Pugmire David, Monroe Laura, Connor Davenport Carolyn, DuBois Andrew, DuBois David, Poole Stephen
Los Alamos National Laboratory, Los Alamos, NM 87545, USA.
IEEE Trans Vis Comput Graph. 2007 Jul-Aug;13(4):798-809. doi: 10.1109/TVCG.2007.1026.
This paper describes the first use of a Network Processing Unit (NPU) to perform hardware-based image composition in a distributed rendering system. The image composition step is a notorious bottleneck in a clustered rendering system. Furthermore, image compositing algorithms do not necessarily scale as data size and number of nodes increase. Previous researchers have addressed the composition problem via software and/or custom-built hardware. We used the heterogeneous multicore computation architecture of the Intel IXP28XX NPU, a fully programmable commercial off-the-shelf (COTS) technology, to perform the image composition step. With this design, we have attained a nearly four-times performance increase over traditional software-based compositing methods, achieving sustained compositing rates of 22-28 fps on a 1,024 x 1,024 image.
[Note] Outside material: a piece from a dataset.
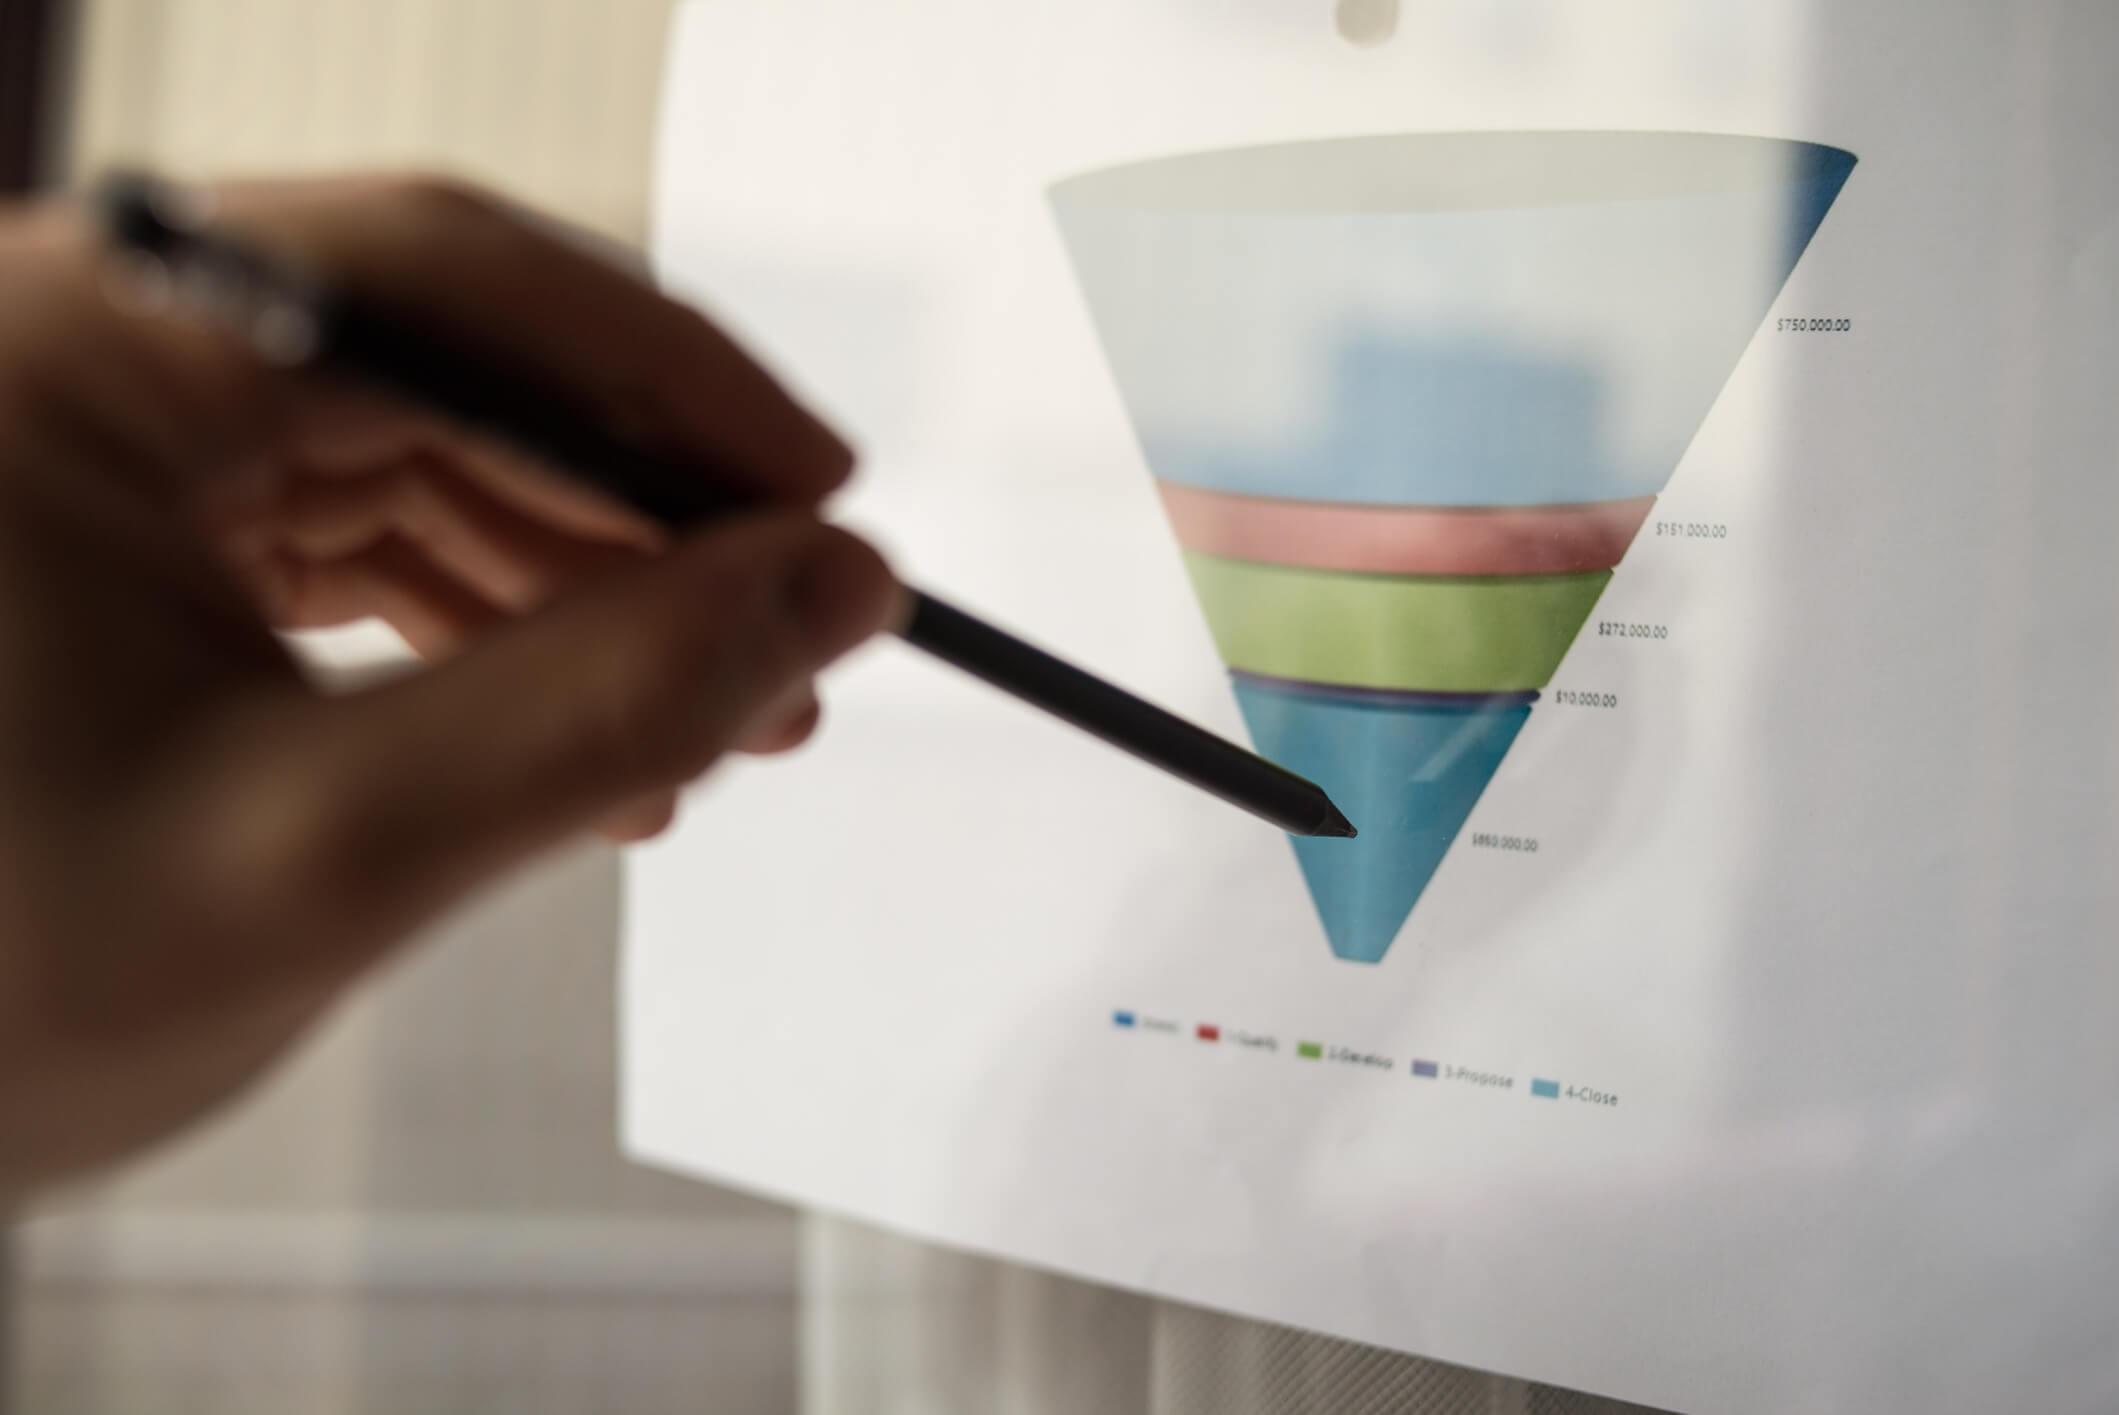 Funil do marketing: conheça o novo modelo apresentado pelo Google

This system is fully scalable with a negligible penalty in frame rate, is entirely COTS, and is flexible with regard to operating system, rendering software, graphics cards, and node architecture. The NPU-based compositor has the additional advantage of being a modular compositing component that is eminently suitable for integration into existing distributed software visualization packages.
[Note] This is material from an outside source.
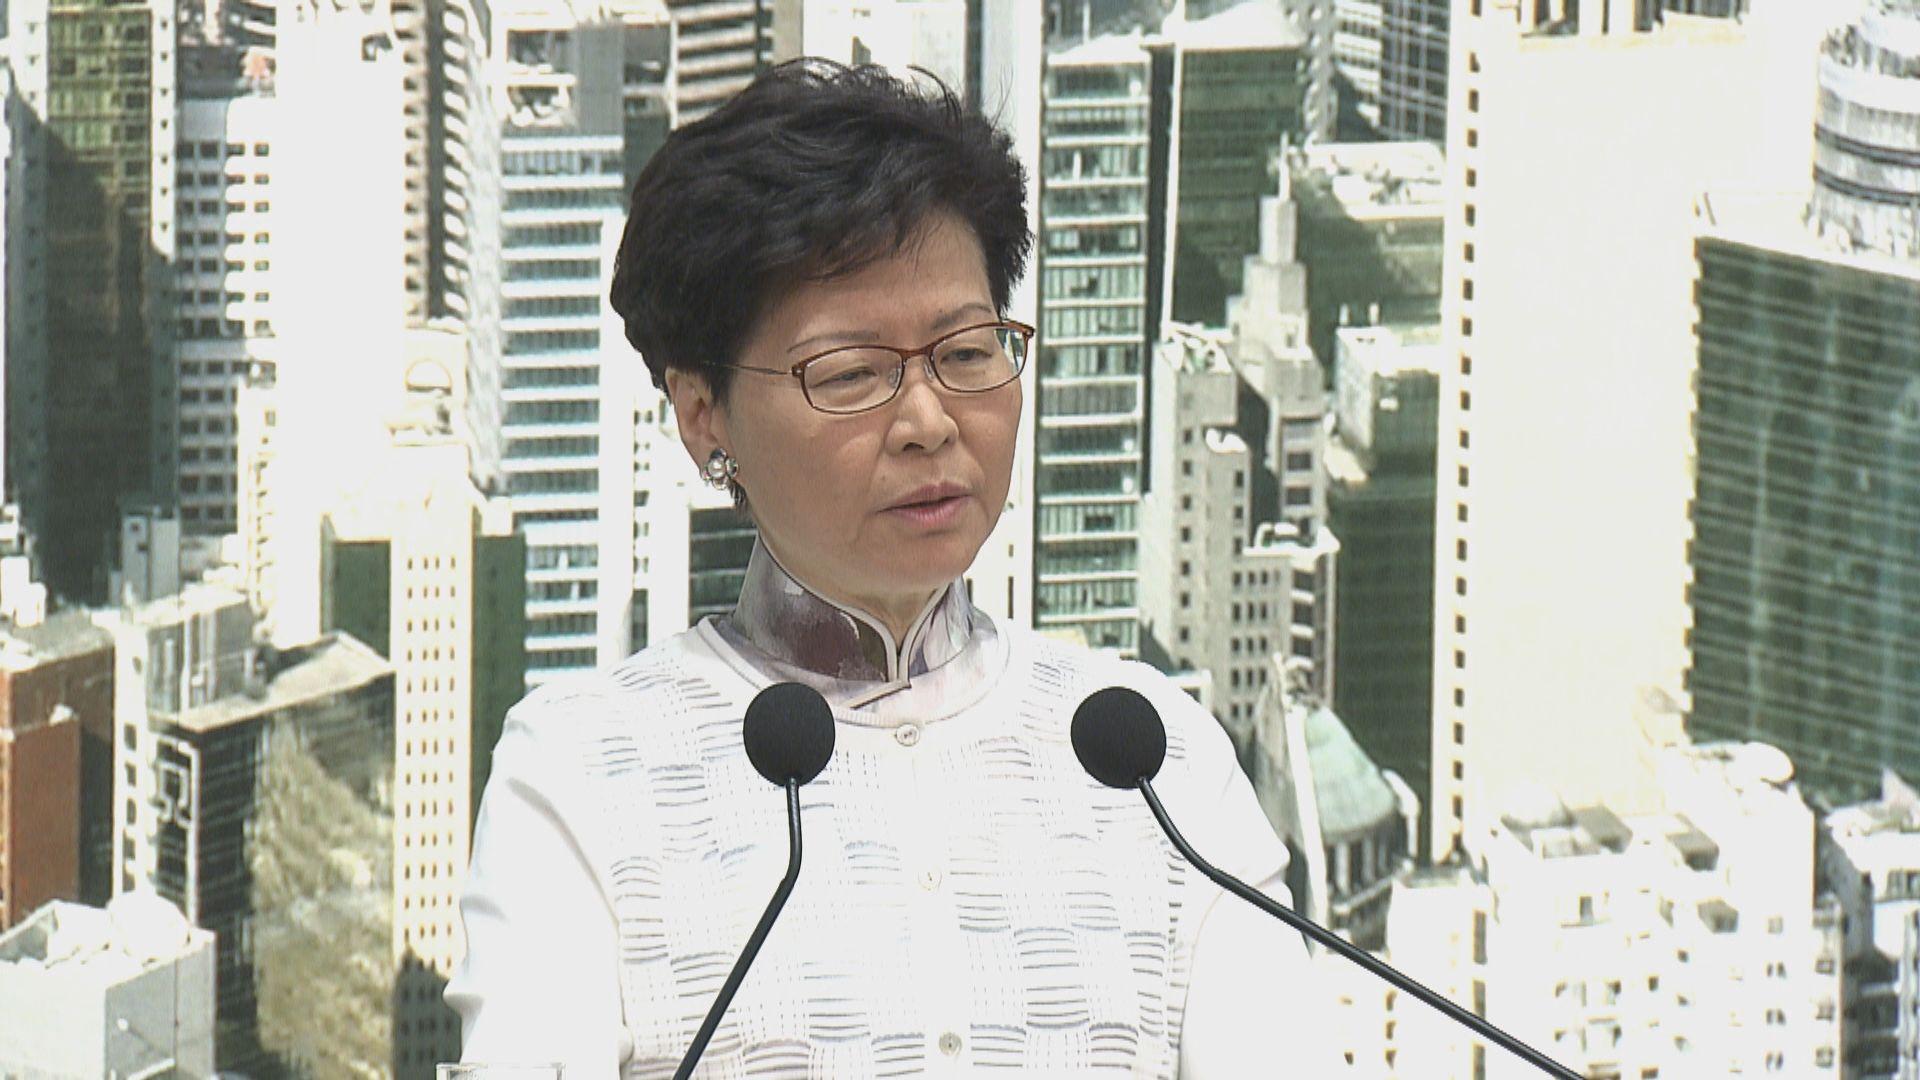 【足本】林鄭月娥宣布暫緩修訂逃犯條例記者會(下)

本文介绍了首次在分布式渲染系统中使用网络处理单元(NPU)来执行基于硬件的图像合成。在集群渲染系统中,图像合成步骤是一个众所周知的瓶颈。此外,随着数据大小和节点数量的增加,图像合成算法不一定能实现扩展。先前的研究人员已通过软件和/或定制硬件来解决合成问题。我们使用英特尔IXP28XX NPU的异构多核计算架构(一种完全可编程的商用现货(COTS)技术)来执行图像合成步骤。通过这种设计,我们在性能上比传统的基于软件的合成方法提高了近四倍,在1024×1024图像上实现了22 - 28帧/秒的持续合成速率。该系统具有完全可扩展性,帧率损失可忽略不计,完全采用商用现货技术,并且在操作系统、渲染软件、图形卡和节点架构方面具有灵活性。基于NPU的合成器还有一个额外的优点,即它是一个模块化的合成组件,非常适合集成到现有的分布式软件可视化包中。